[Data extract]
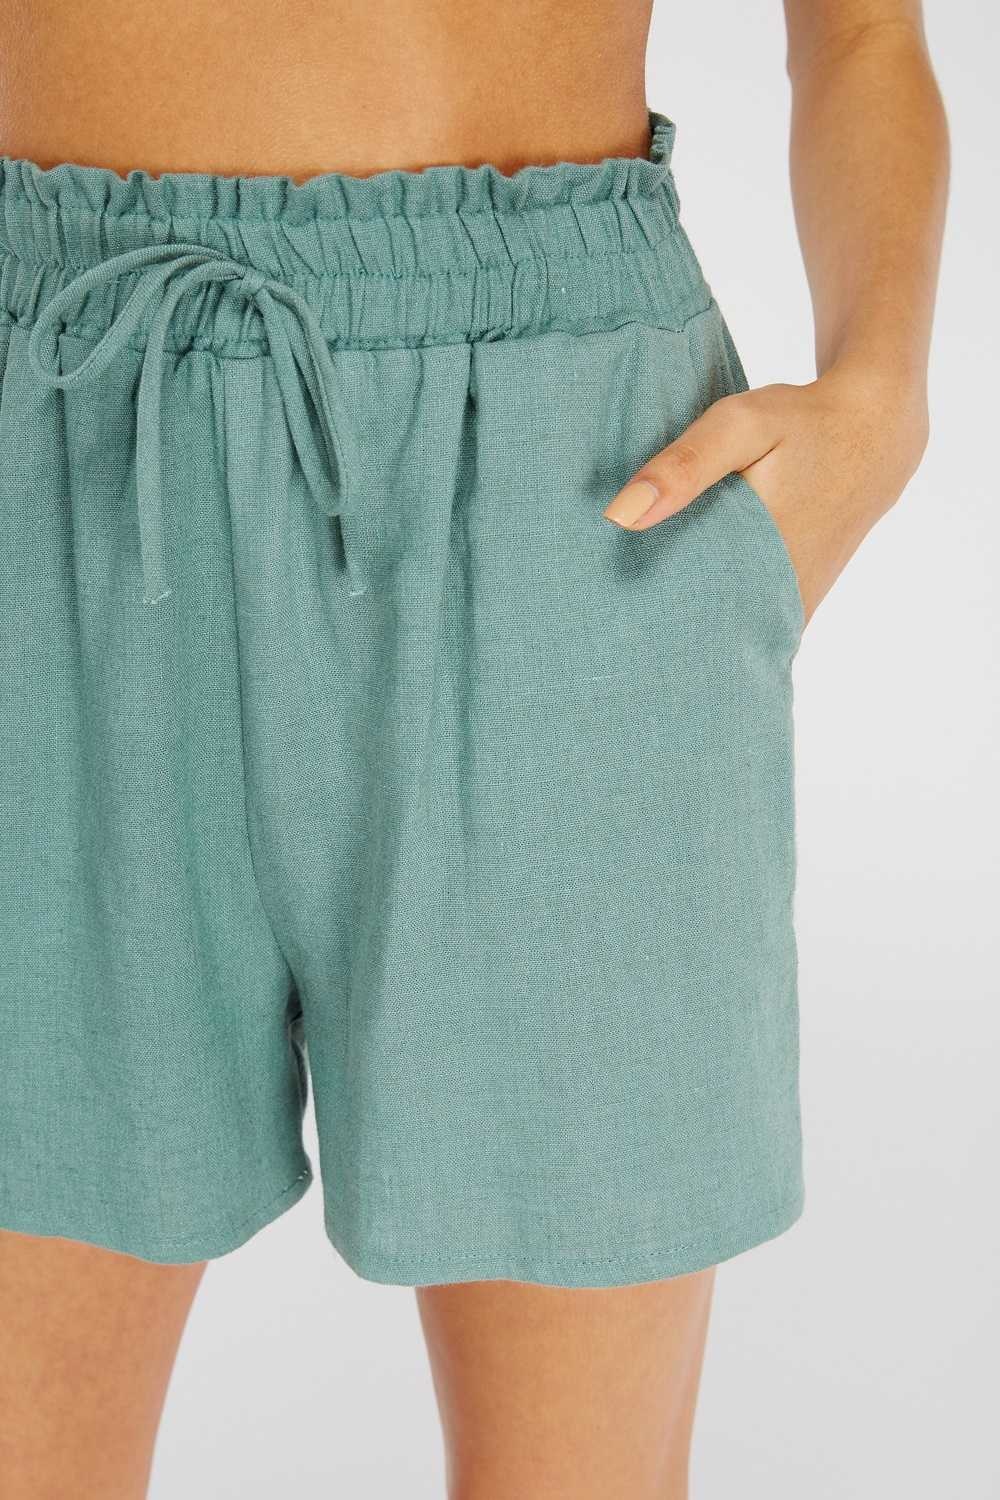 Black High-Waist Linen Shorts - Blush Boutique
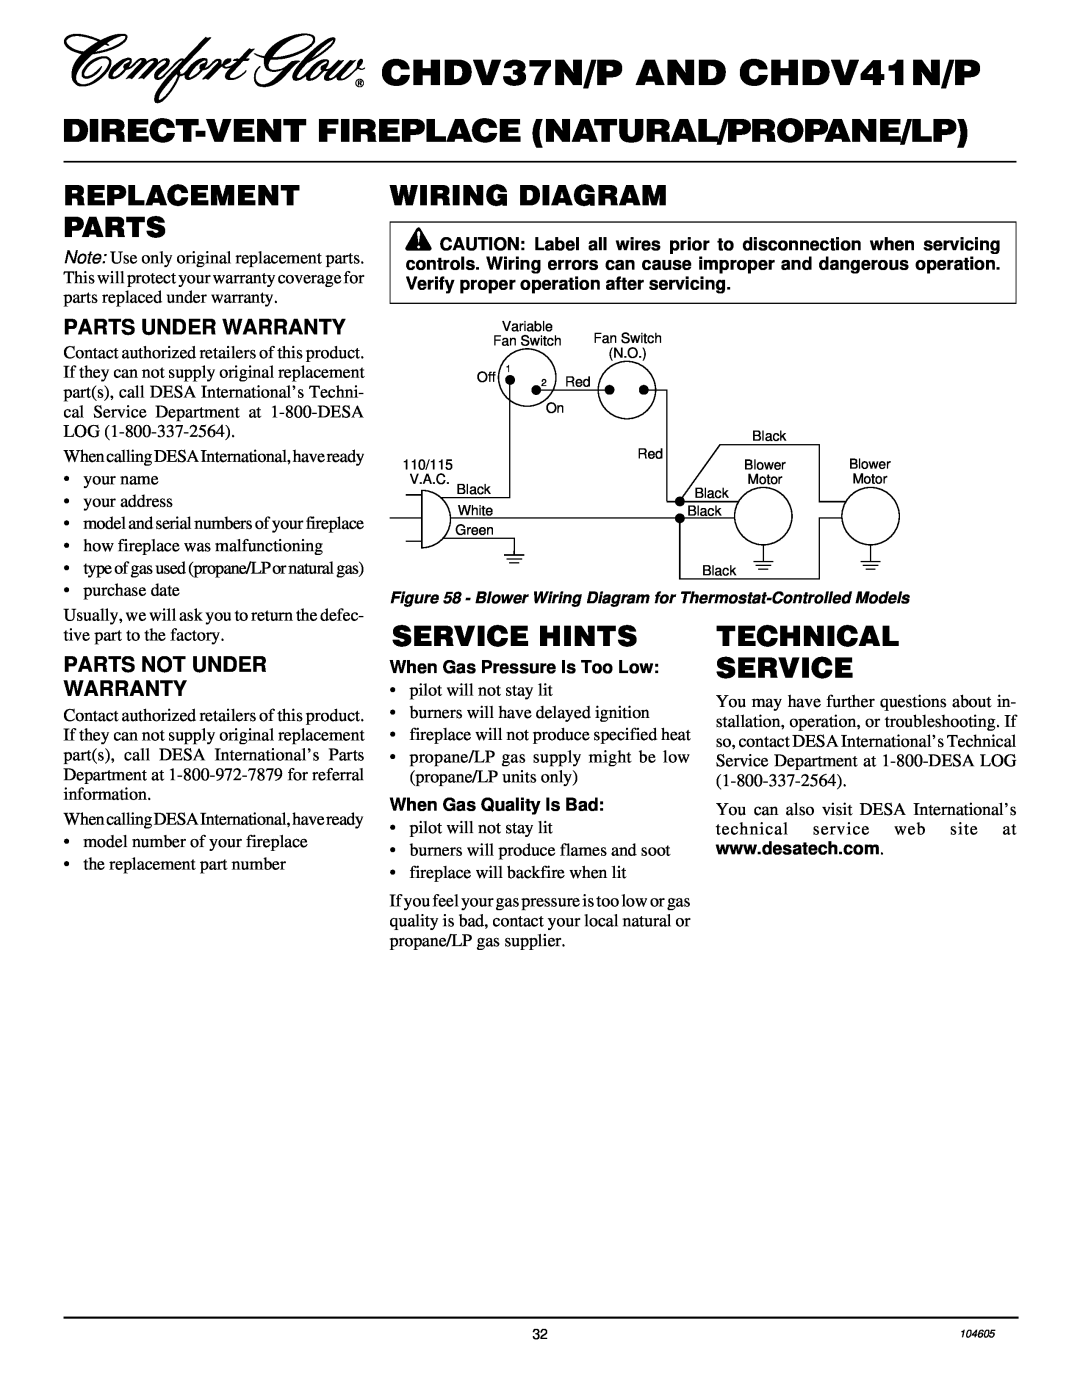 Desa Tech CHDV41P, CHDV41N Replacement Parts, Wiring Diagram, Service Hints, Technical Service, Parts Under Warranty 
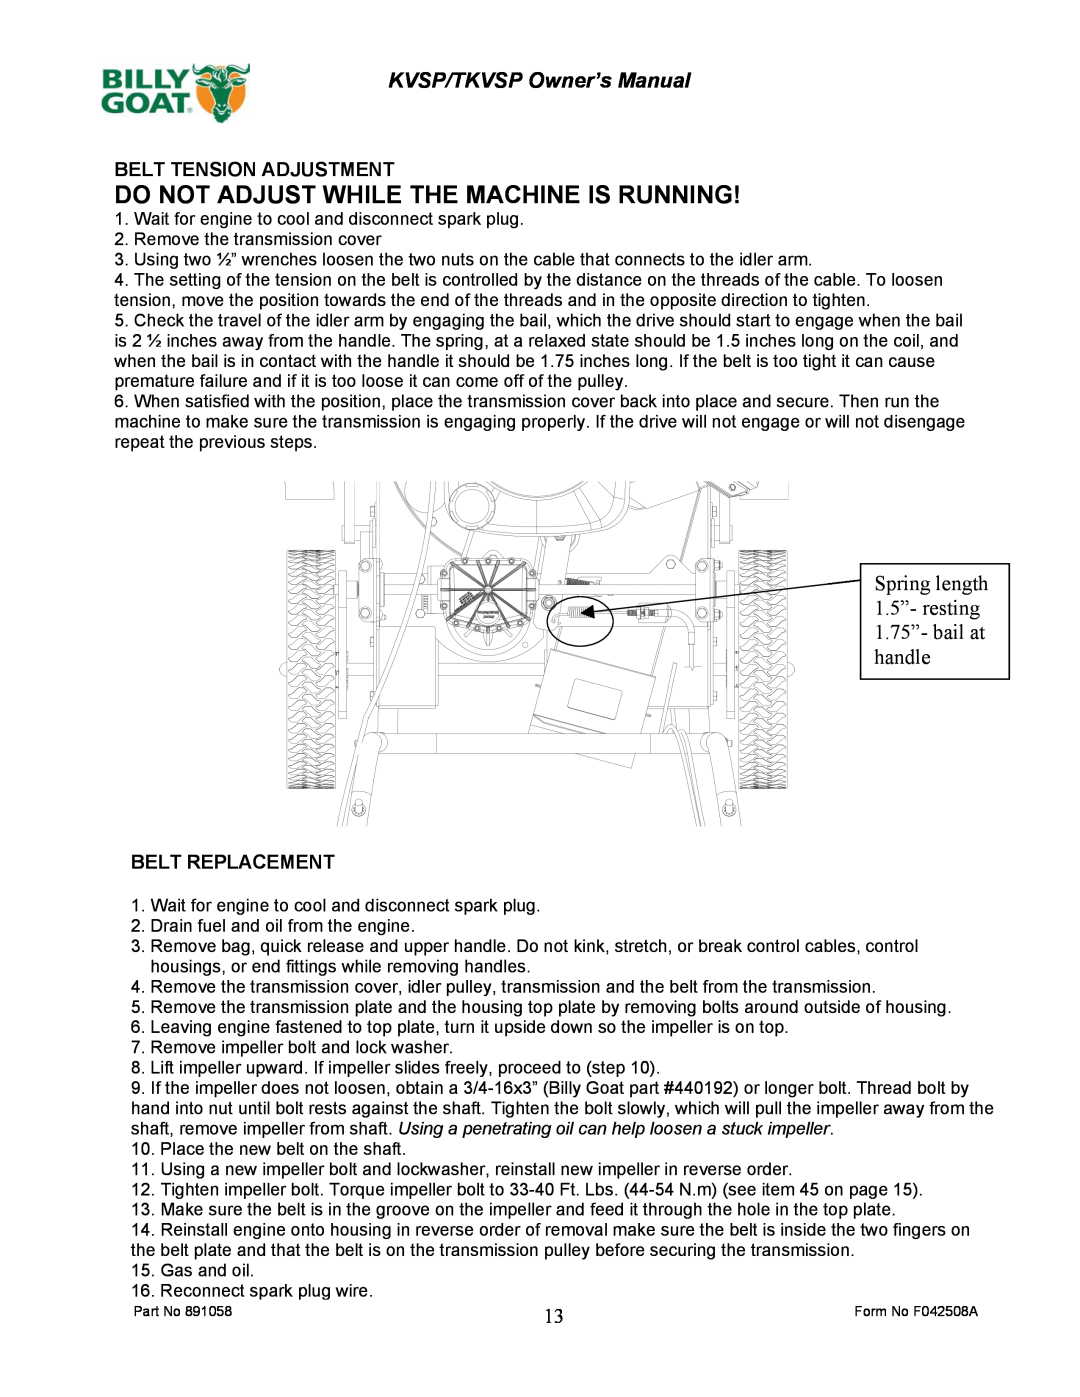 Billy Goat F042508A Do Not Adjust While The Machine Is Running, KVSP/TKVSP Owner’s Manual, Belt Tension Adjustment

[Exercise objective]
Only the lines from the one containing "Desa Tech CHDV41P, CHDV41N" through the last line of the material should be returned, exactly and without pictures.

[Solution to this problem]
 Desa Tech CHDV41P, CHDV41N Replacement Parts, Wiring Diagram, Service Hints, Technical Service, Parts Under Warranty 
 Billy Goat F042508A Do Not Adjust While The Machine Is Running, KVSP/TKVSP Owner’s Manual, Belt Tension Adjustment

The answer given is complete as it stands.